Eating disorders* are relatively common and unfortunately patients who “look well” can have a significant mortality risk. MEED.org.uk have national risk tools to recognise those that would benefit from admission, which fit with our local mental health teams, and agreed by both acute medicine and paediatrics
(*anorexia nervosa, bulimia nervosa, binge eating or avoidant restrictive food intake disorder)
Risk Assessment
RED indicators
Anyone with one or more RED’s is high risk and should be considered for admission MEED
- BMI <13/<70% mBMI
- Recent weight loss >1 kg/week for 2 weeks in an underweight patient
- HR (awake) <40
- Recurrent syncope with standing BP <90 systolic (<0.4th percentile for age) and postural drop >20 mmHg (or increase HR >30 [>35 if <16])
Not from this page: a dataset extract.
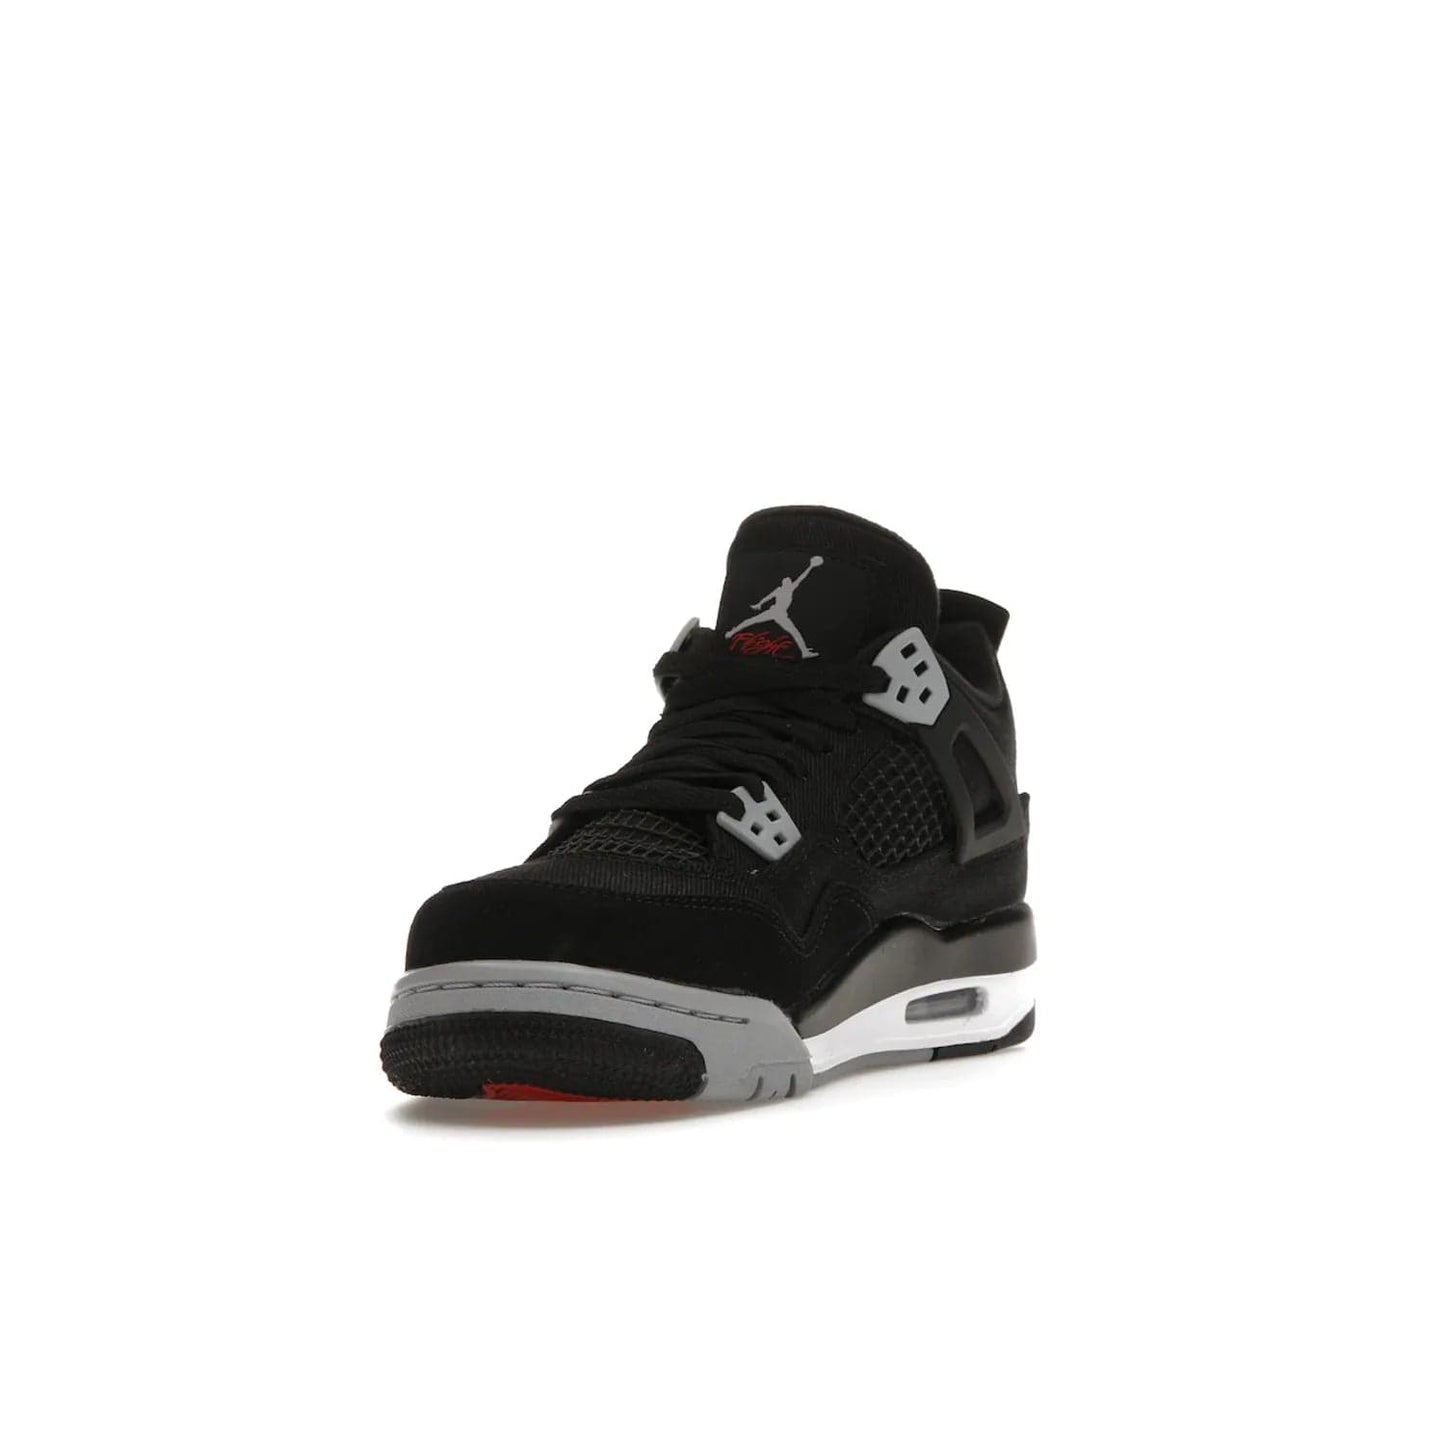 Jordan 4 Retro Black Canvas (GS) - Image 13 - Only at www.BallersClubKickz.com - Premium Air Jordan 4 Retro Black Canvas in grade-schooler's catalog. Featuring black suede canvas upper, grey molding, accents in red, white midsole, woven Jumpman tag, & visible AIR cushioning. Releasing Oct. 1, 2022.

- Fluid refusal or signs of dehydration
- Temperature <35.5°C tympanic/35°C axillary
- Long Qt or other ECG abnormalities
- Low Glu/Na/K/Ca/PO4/Alb
- Low WCC, Hb <10
- Acute food refusal/very low calorie intake per day
- Physical struggles with carers over nutrition
- High levels of uncontrolled exercise (>2 hours/day)
- Daily purging behaviours
- Self-harm
- Moderate–high risk suicidal ideas.